YOUR OBJECTIVE -
Copy the data exactly, pictures aside.

STORED DATA -
▼

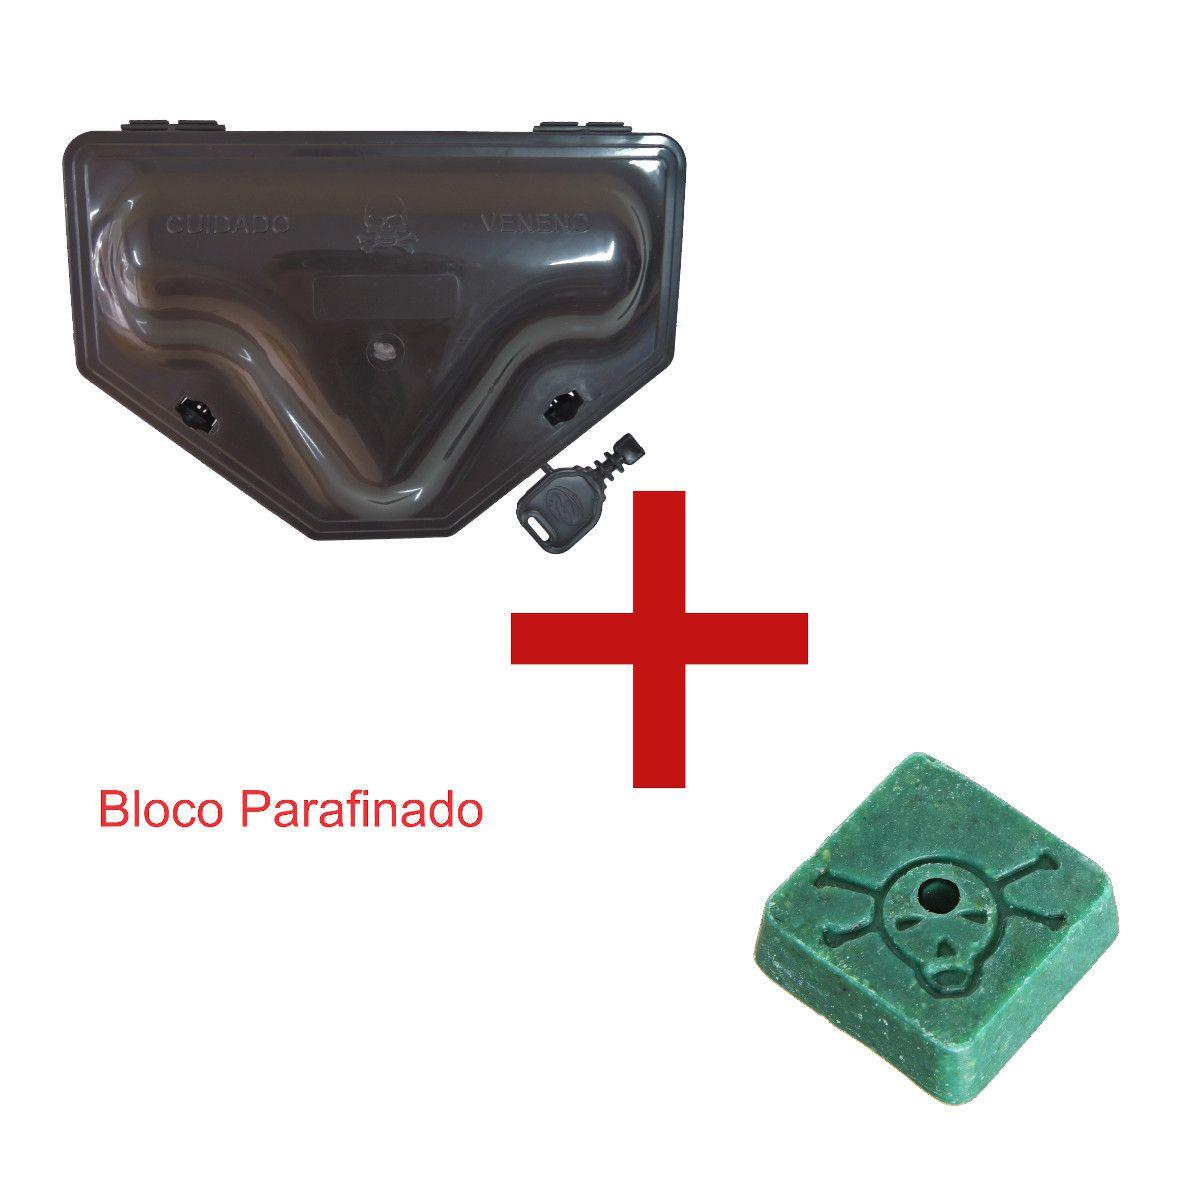 KIT 8 Porta Iscas Armadilha Pega Ratos 2 TRAVAS c/ Chave
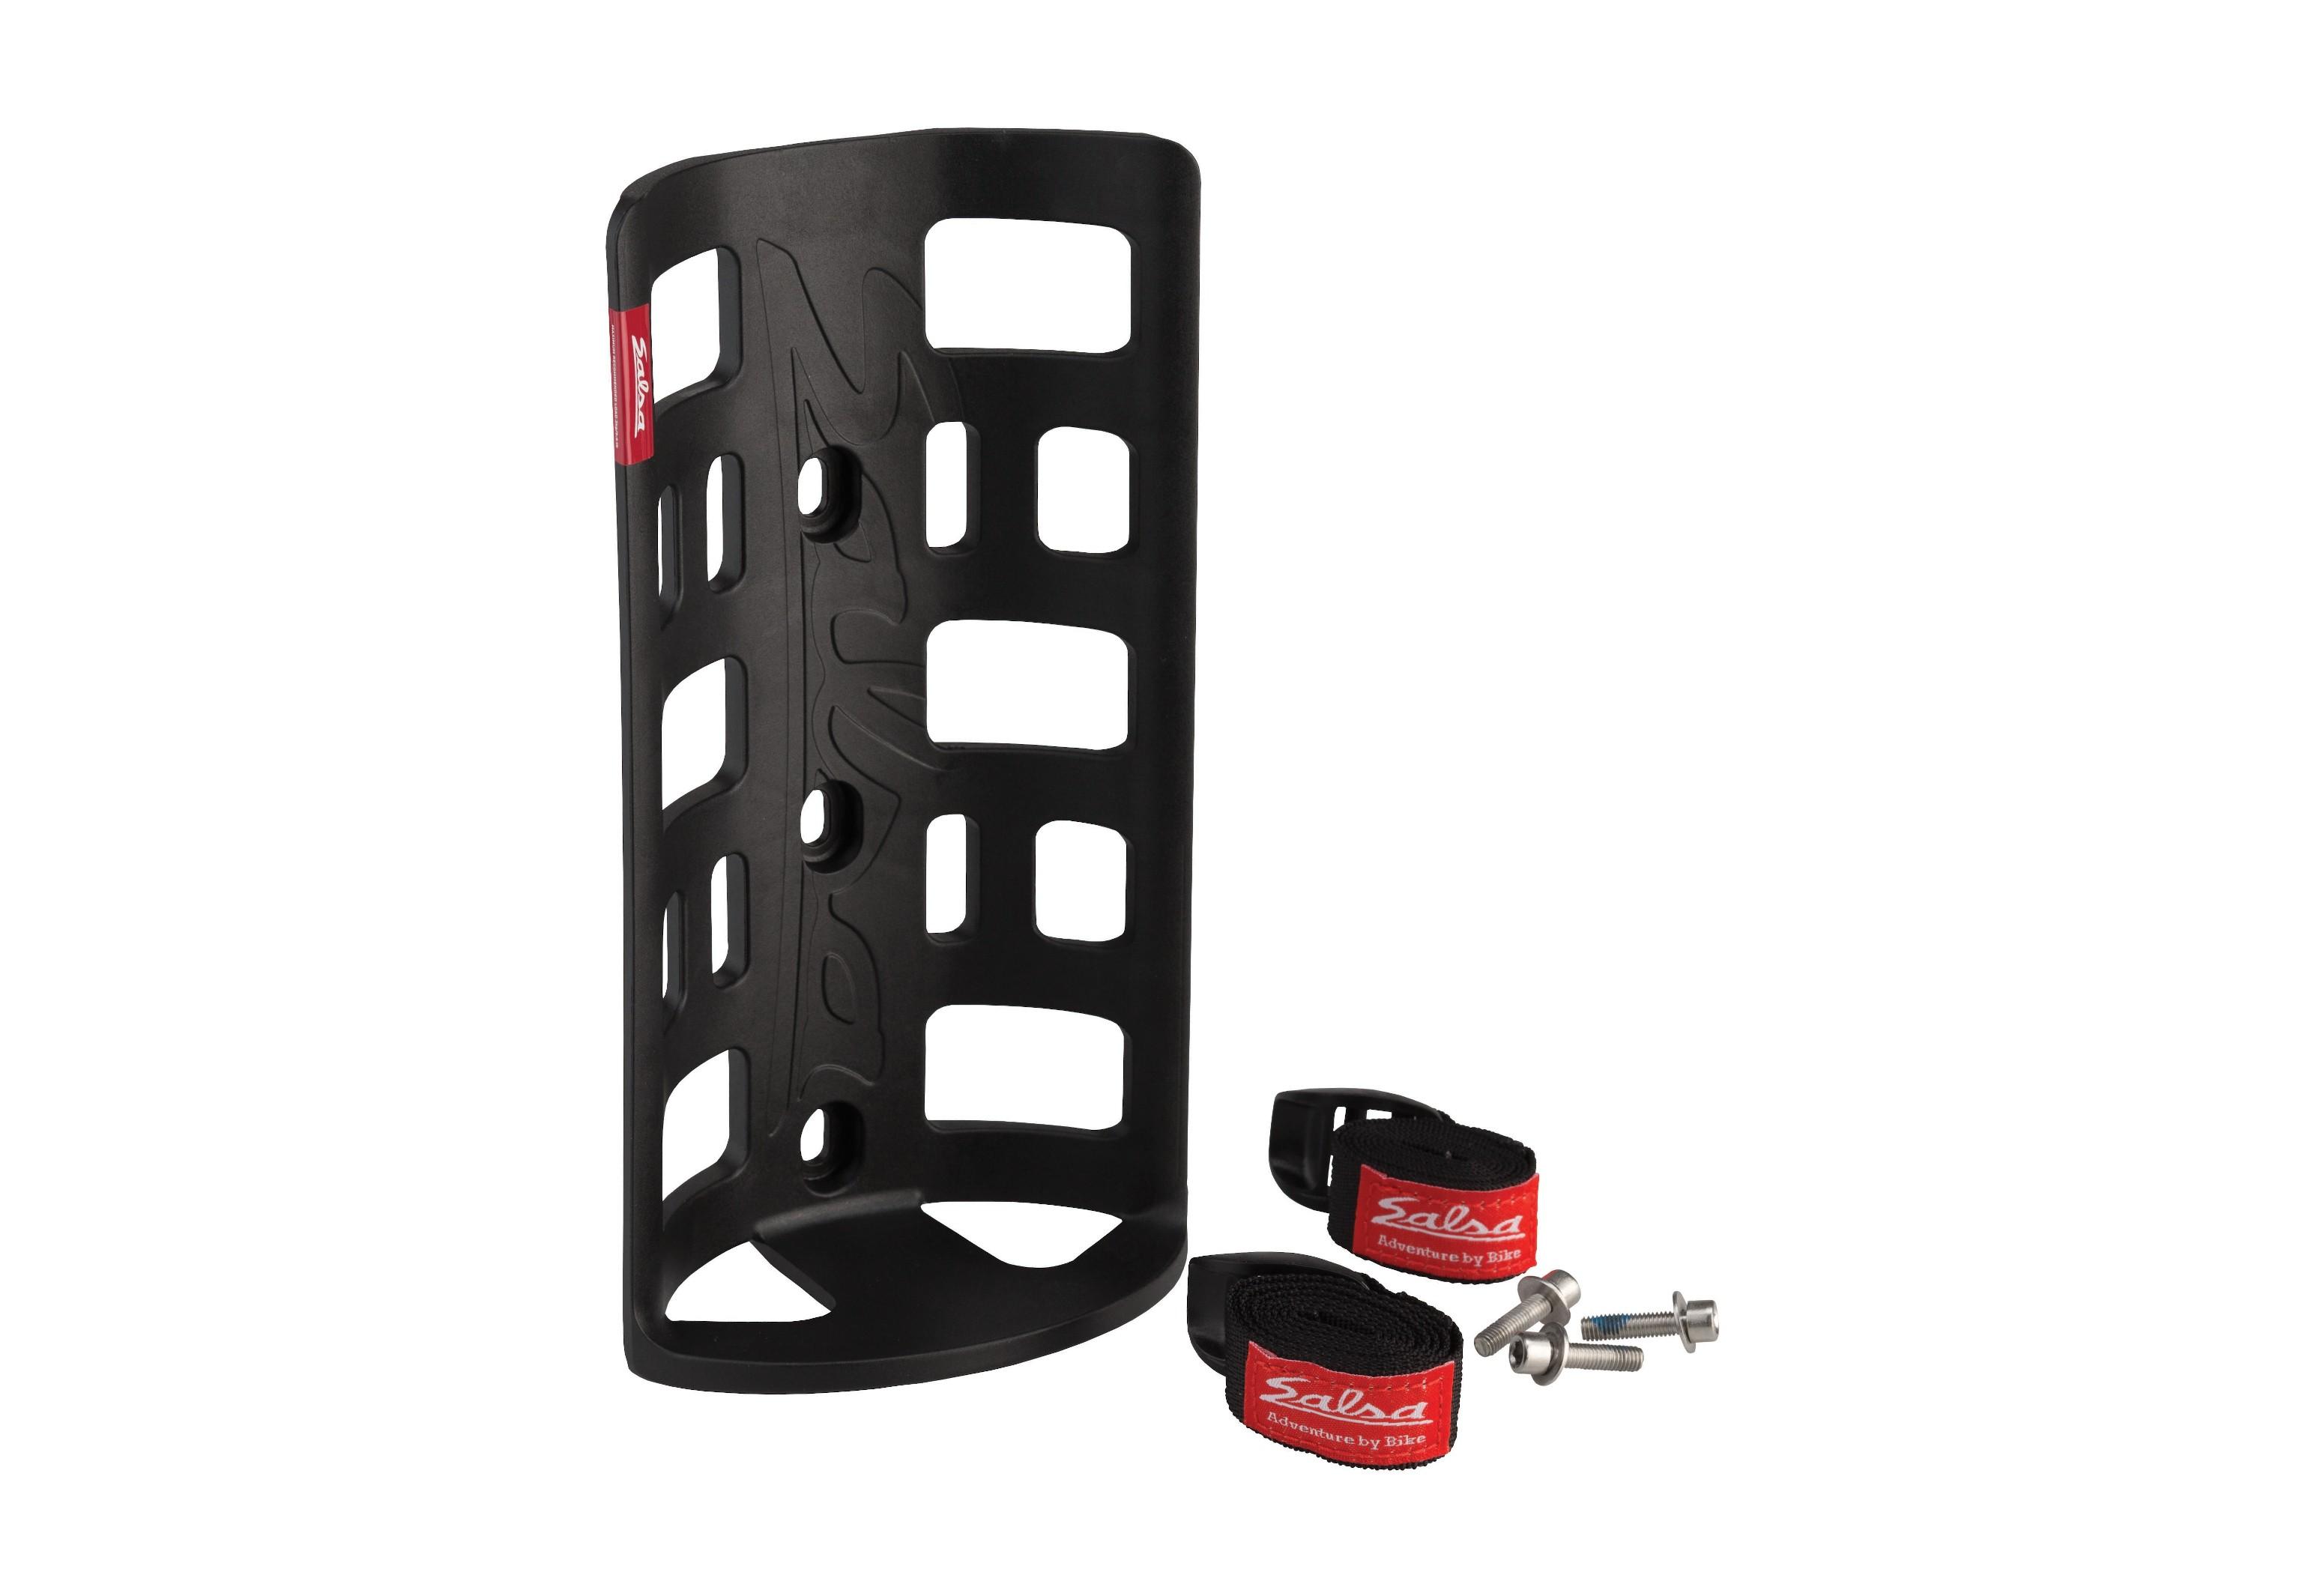 Salsa ANYTHING CAGE HD Rack black nylon avec Straps
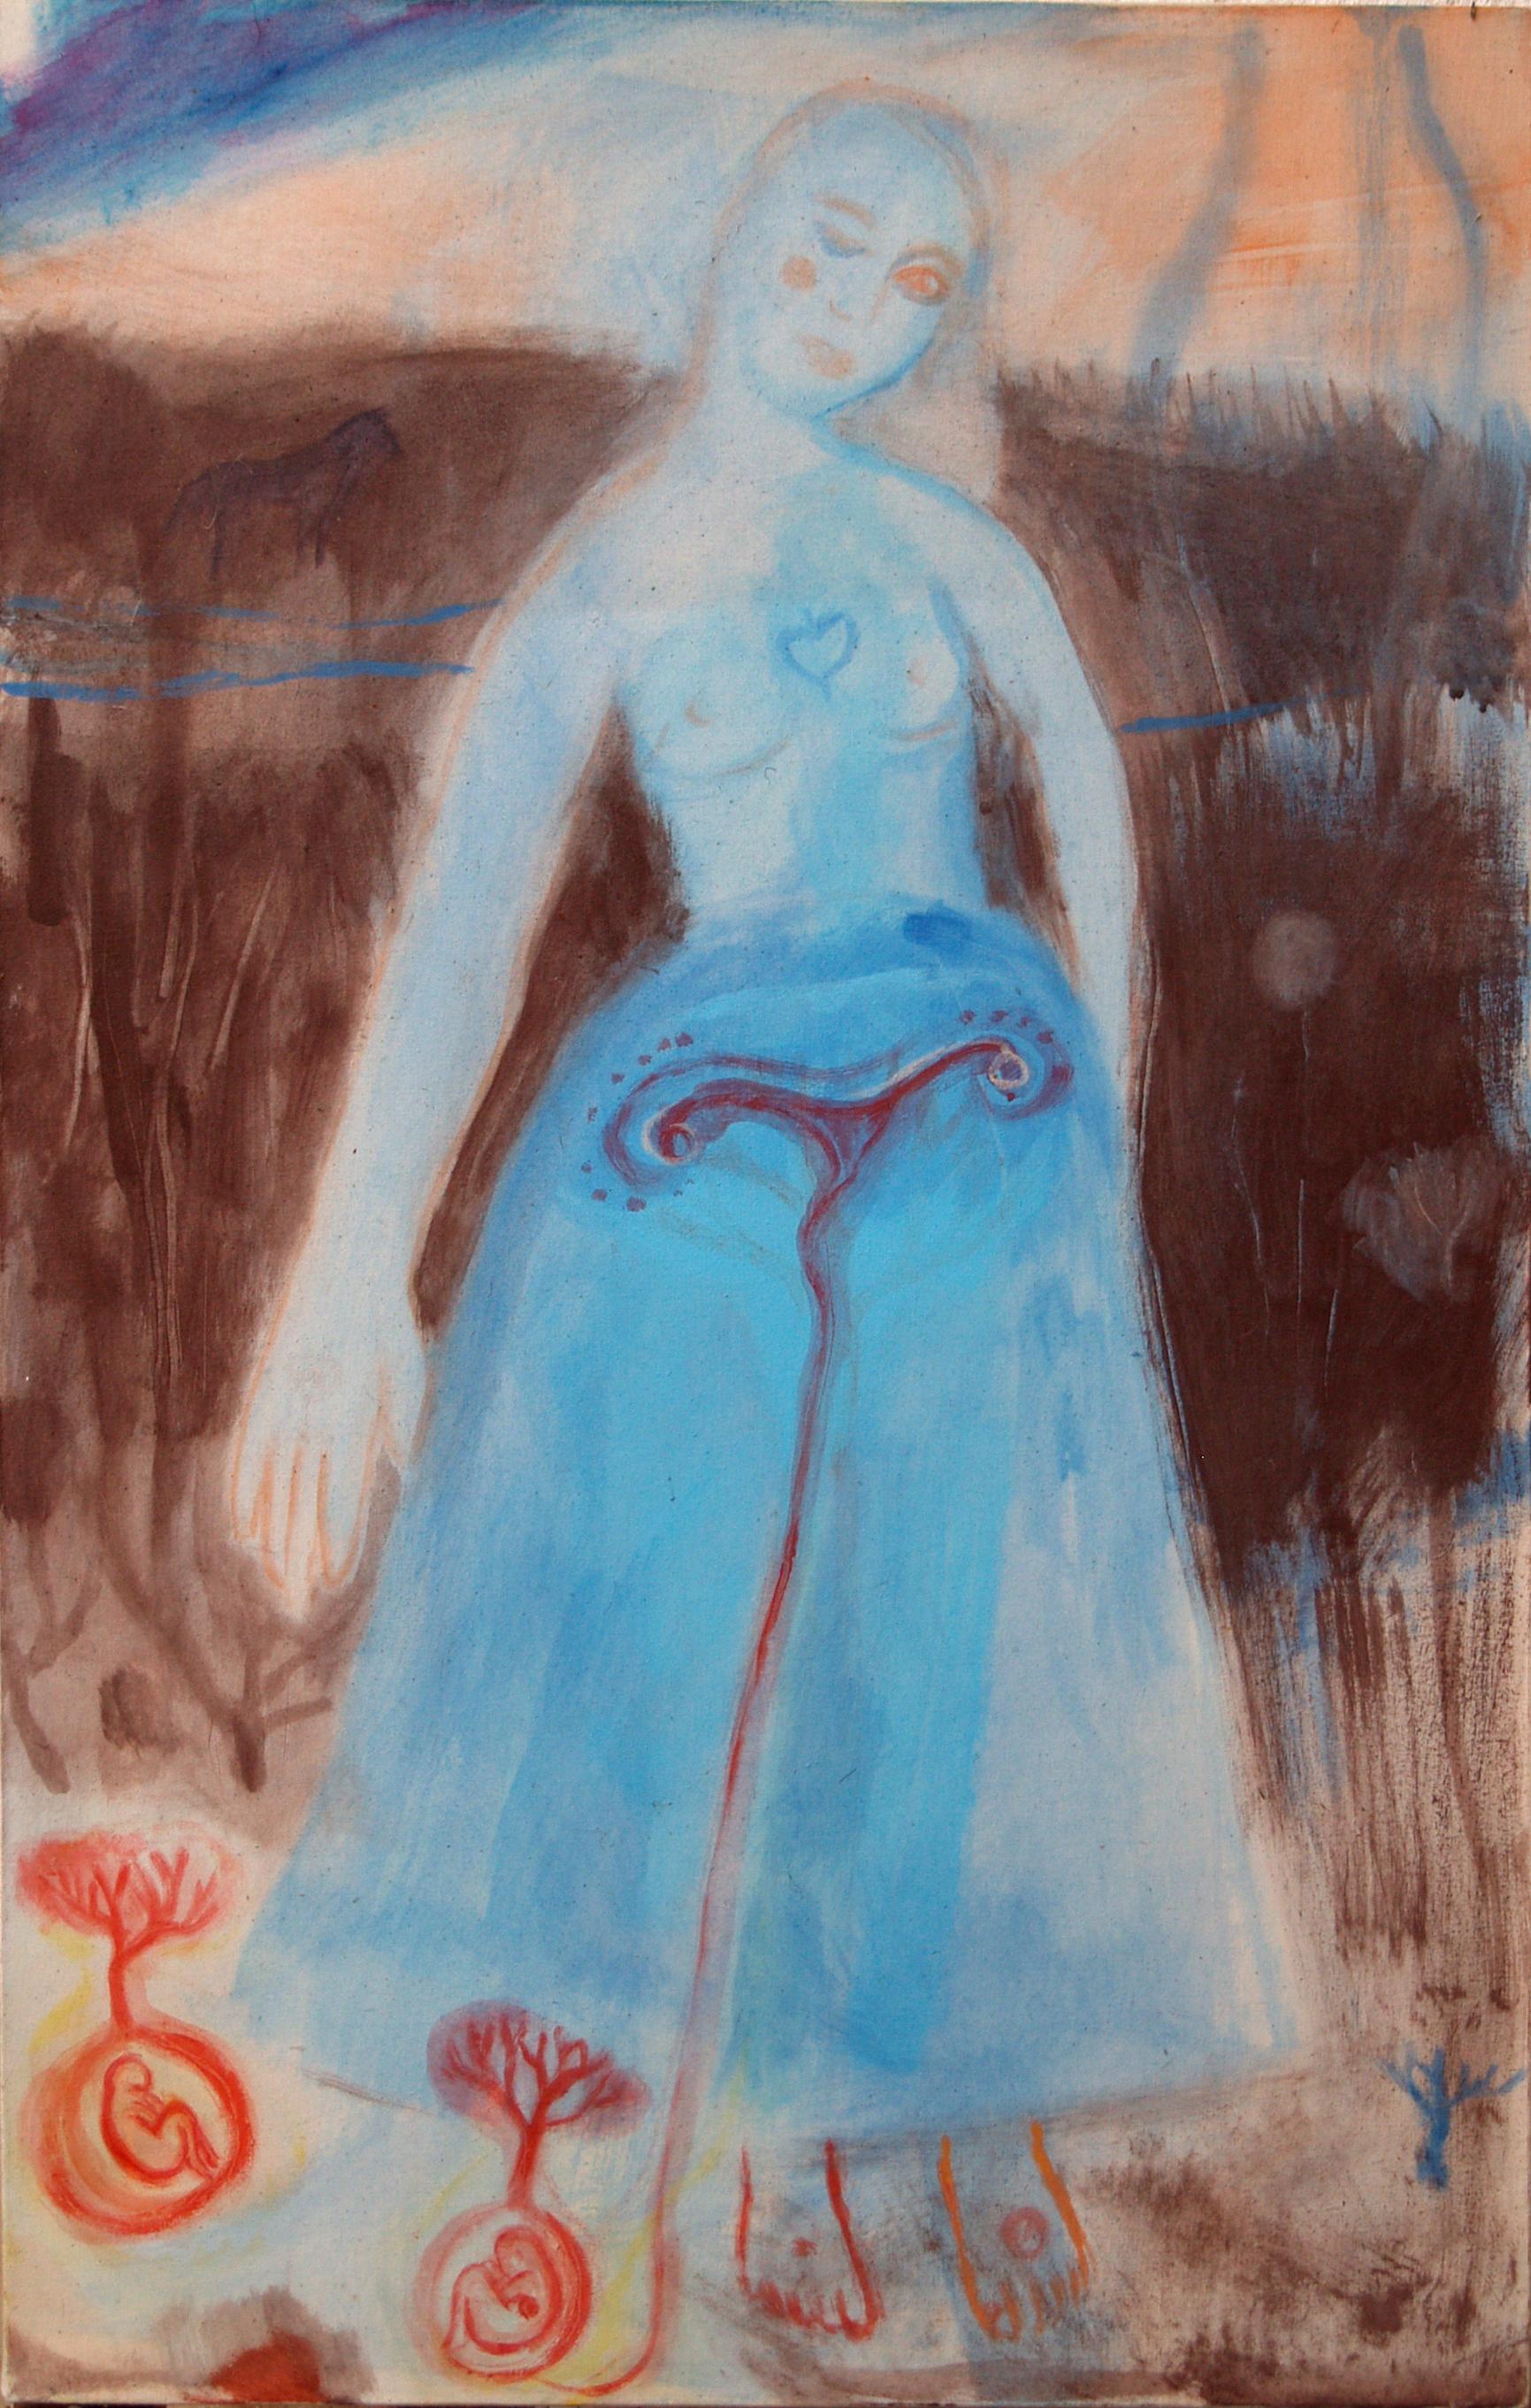 Mother - 1989 - Acrylic, Mixed Media on Canvas - 61 X 98 cm

▲

ANSWER SECTION -
 KIT 8 Porta Iscas Armadilha Pega Ratos 2 TRAVAS c/ Chave
 Salsa ANYTHING CAGE HD Rack black nylon avec Straps
 Mother - 1989 - Acrylic, Mixed Media on Canvas - 61 X 98 cm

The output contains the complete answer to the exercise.